Word Count: 209
| Total time: 45 minutes |
|---|
| Prep time: 20 minutes |
| Cook time: 25 minutes |
Ingredients
| Ingredient | Quantity |
|---|---|
| Olive Oil | 2 Tbsp |
| Rotisserie Chicken | 2.5 - 3.5 lbs |
| Chicken Broth | 8 cups |
| Small Onion (diced) | 1 |
| Celery (thinly sliced) | 2 stalks |
| Garlic | 4 cloves |
| Fresh Thyme | 6 sprigs |
| Medium Butternut Squash (peeled, seeded and cubed) |
1 (~1 lbs) |
| Kale (cleaned/de-stemmed/chopped) |
1 big bunch |
| White Beans (rinsed) | 16oz (1 can) |
| Garbanzo Beans (rinsed) | 16 oz (1 can) |
| Salt | 3/4 tsp |
| Pepper | 1/2 tsp |
Steps
- Remove and discard the skin from the rotisserie chicken then shred the meat into a bowl and set aside.
- Heat the oil in a large pot over medium heat. Add the onion, season with salt and pepper and cook, covered, stirring occasionally, for 8 minutes.

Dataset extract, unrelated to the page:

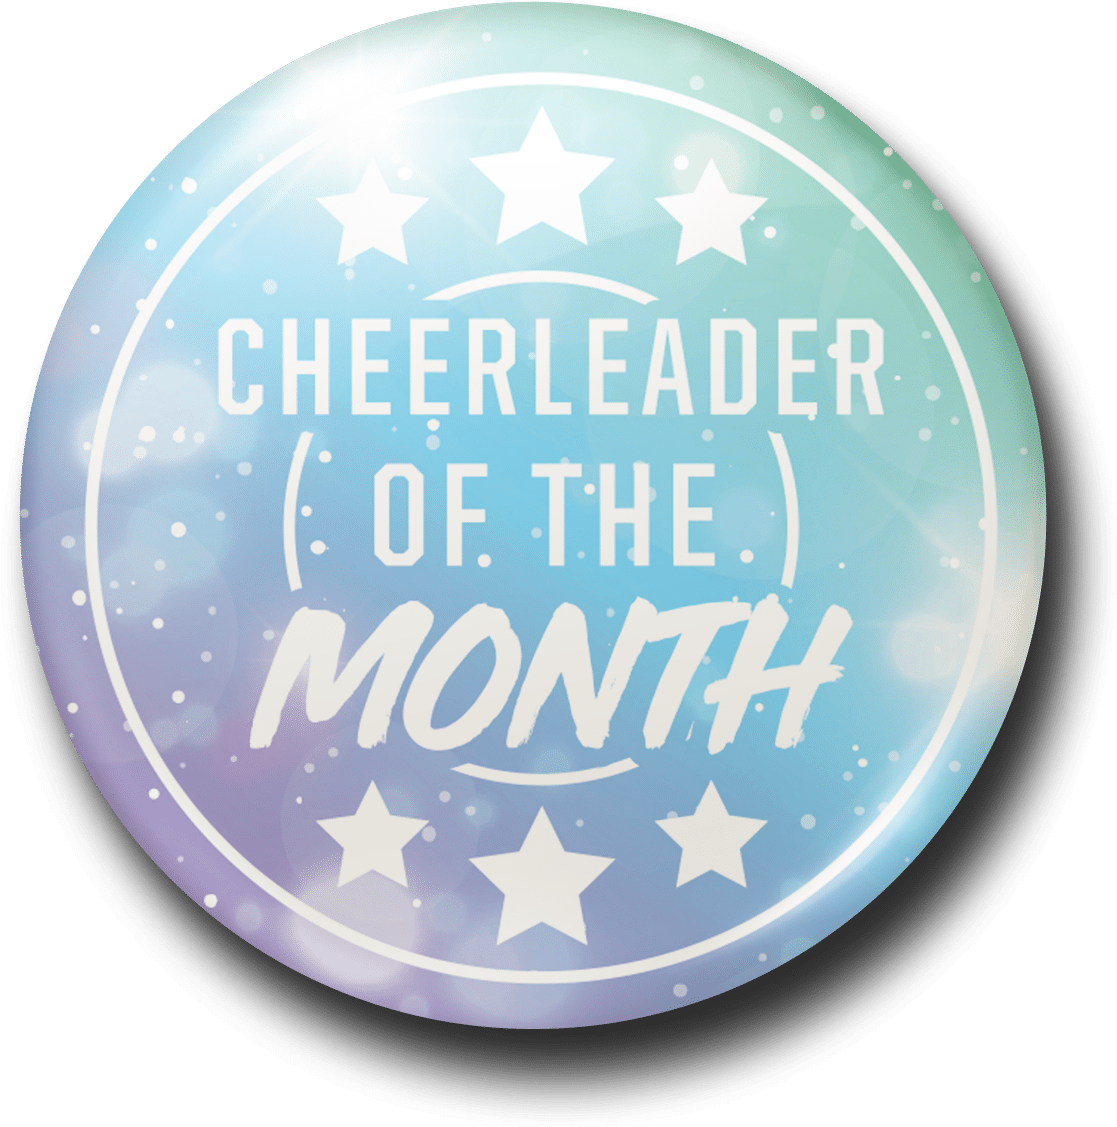 Cheerleaderofthe Month Award Badge PNG image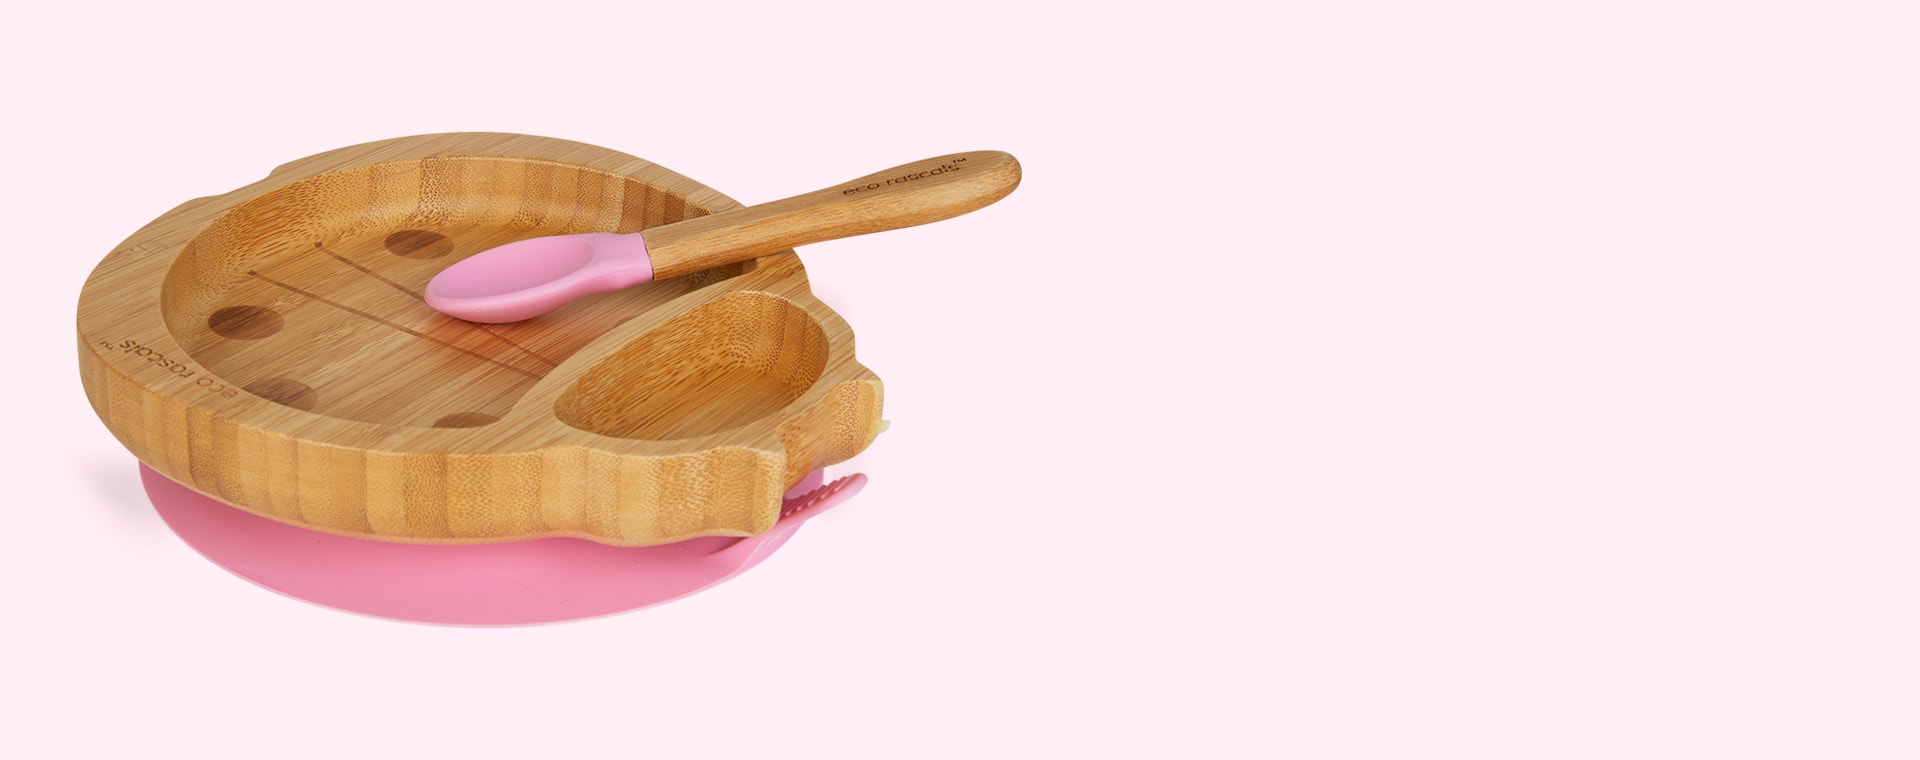 Pink eco rascals Bamboo Suction Ladybird Tableware Set

- Add the celery, garlic and whole thyme sprigs (will be removed later) and cook stirring occasionally, until the onion is lightly golden brown around the edges, 4 to 6 minutes.
- Add the tomato paste and cook, stirring for 1 minute.
- Add squash and bring to a boil. Simmer until the squash is just tender about 5 to 7 minutes.
- Stir in the kale, beans and shredded chicken. Cook, stirring, until the kale is just tender, about 3 minutes.
- Discard the thyme sprigs before serving.